O'CALLAGHAN v. State

RABINO WITZ, Justice, dissenting.

I dissent from the court’s conclusion that the blanket primary statute is constitutional. In my view Aaska’s blanket primary statute impermissibly burdens the Republican Party of Aaska’s political rights of association in violation of the First and Fourteenth Amendments to the United States Constitution.1

Initially I think it appropriate to observe that in accordance with controlling federal precedent this court must apply strict scrutiny in determining the constitutionality of Aaska’s blanket primary statute. I rely on Burdick v. Talcushi, 504 U.S. 428, 112 S.Ct. 2059, 119 L.Ed.2d 245 (1992), Eu v. San Francisco County Democratic Central Committee, 489 U.S. 214, 109 S.Ct. 1013, 103 L.Ed.2d 271 (1989), Tashjian v. Republican Party of Connecticut, 479 U.S. 208, 107 S.Ct. 544, 93 L.Ed.2d 514 (1986), and Democratic Party of the United States v. Wisconsin ex rel LaFollette, 450 U.S. 107, 101 S.Ct. 1010, 67 L.Ed.2d 82 (1981), in concluding that the compelling interest standard is controlling in resolving issues of federal constitutionality in the factual context of this case.2

Burdick contains the most relevant text. There, the Supreme Court wrote:

[T]he rigorousness of our inquiry into the propriety of a state election law depends upon the extent to which a challenged regulation burdens First and Fourteenth Amendment rights. Thus, as we have recognized when those rights are subjected to “severe” restrictions, the regulation must be “narrowly drawn to advance a state interest of compelling importance.” But when a state election law provision imposes only “reasonable, nondiscriminatory restrictions” upon the First and Fourteenth Amendment rights of voters, “the State’s important regulatory interests are generally sufficient to justify” the restrictions.

Burdick, 504 U.S. at 434, 112 S.Ct. at 2063-64 (emphasis added) (citation omitted).

The Burdick court applied the latter, lower level of scrutiny, and held the Hawaii election laws to be constitutional. Burdick explains its application of the less strict test by stating:

There is no doubt that the Hawaii election laws, like all election regulations, have an impact on the right to vote, but it can hardly be said that the laws at issue here unconstitutionally limit access to the ballot by party or independent candidates or unreasonably interfere with the right of voters to associate and have candidates of their choice placed on the ballot.
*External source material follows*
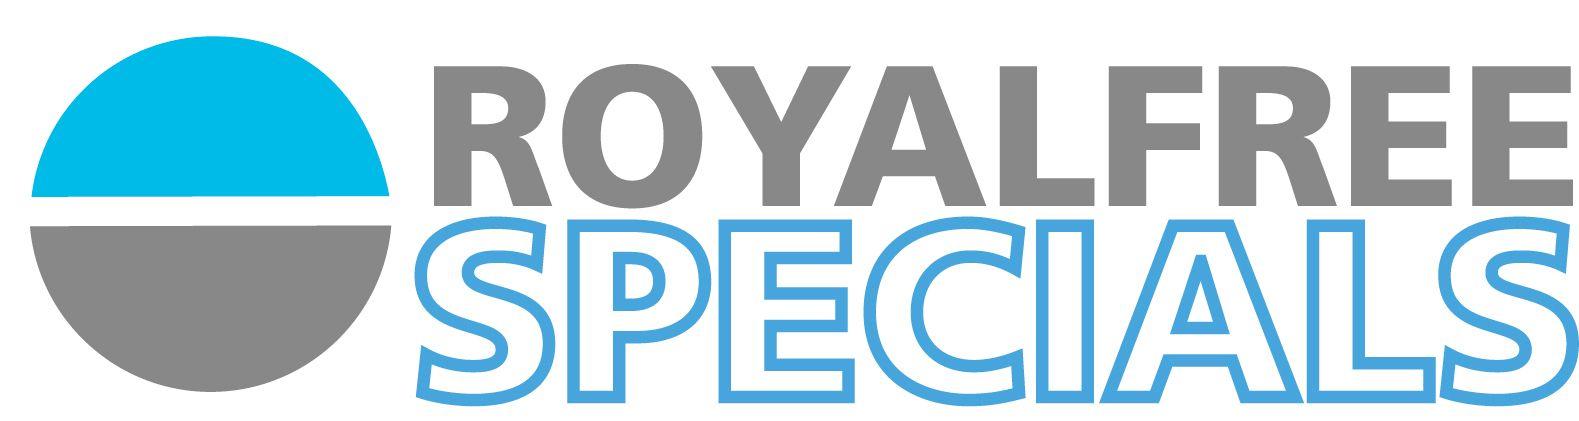 Royal Free Specials
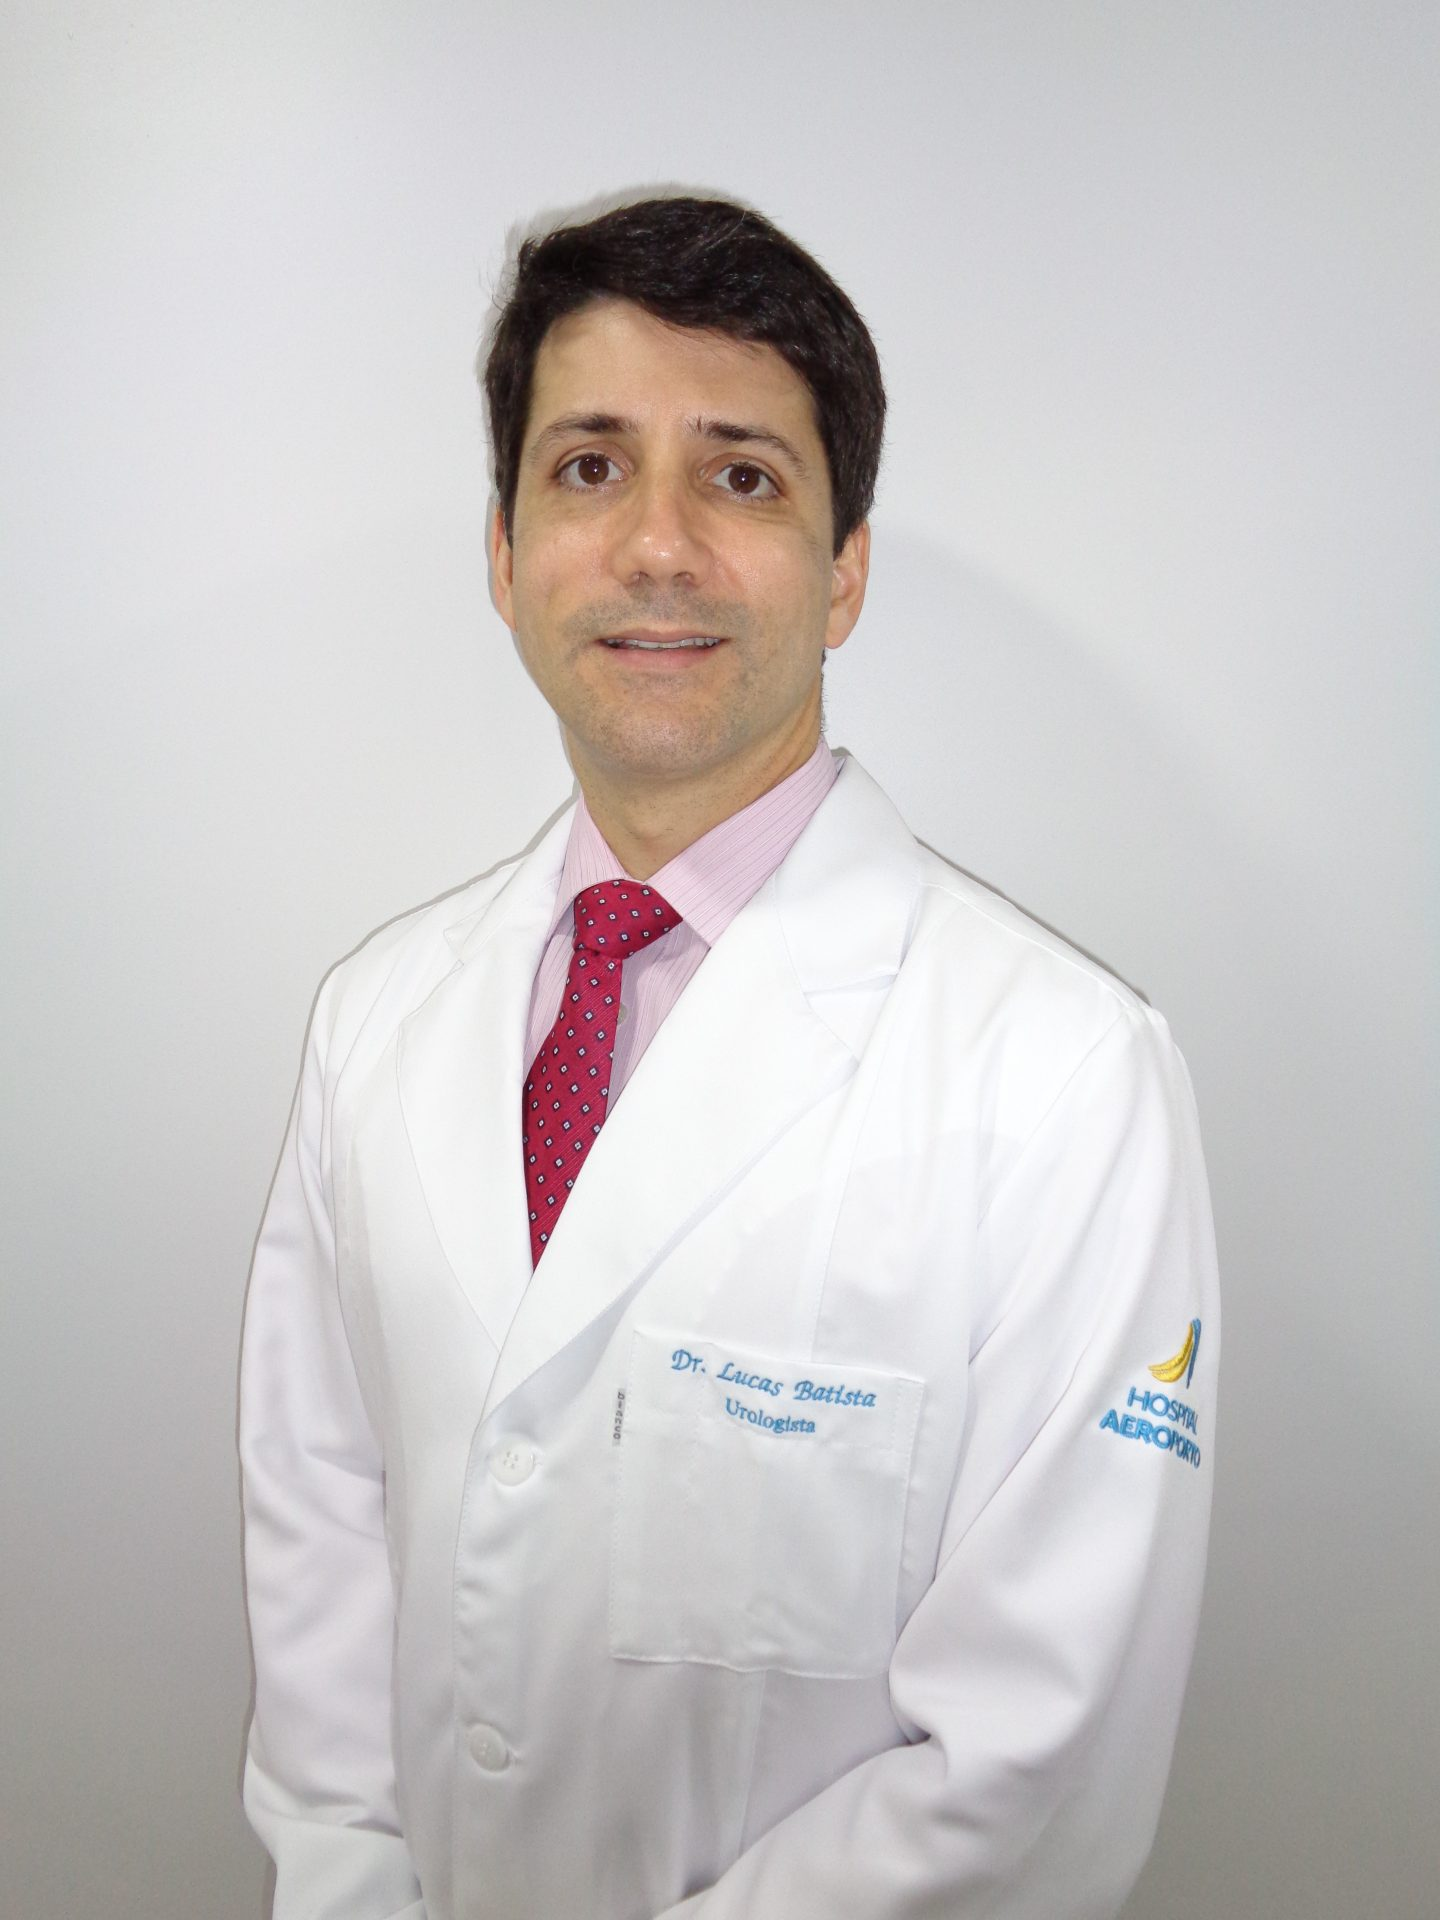 Dr. Lucas Batista

Id. (emphasis added) (citation omitted).

In the case at bar, the blanket primary statute does specifically interfere with the right of the Republican Party of Aaska to have candidates of its choice placed on the primary ballot. That is, the statute prohibits the Republican Party of Aaska from selecting candidates according to its chosen method. The clear implication of Burdick is that Aaska’s blanket primary statute is subject to strict scrutiny.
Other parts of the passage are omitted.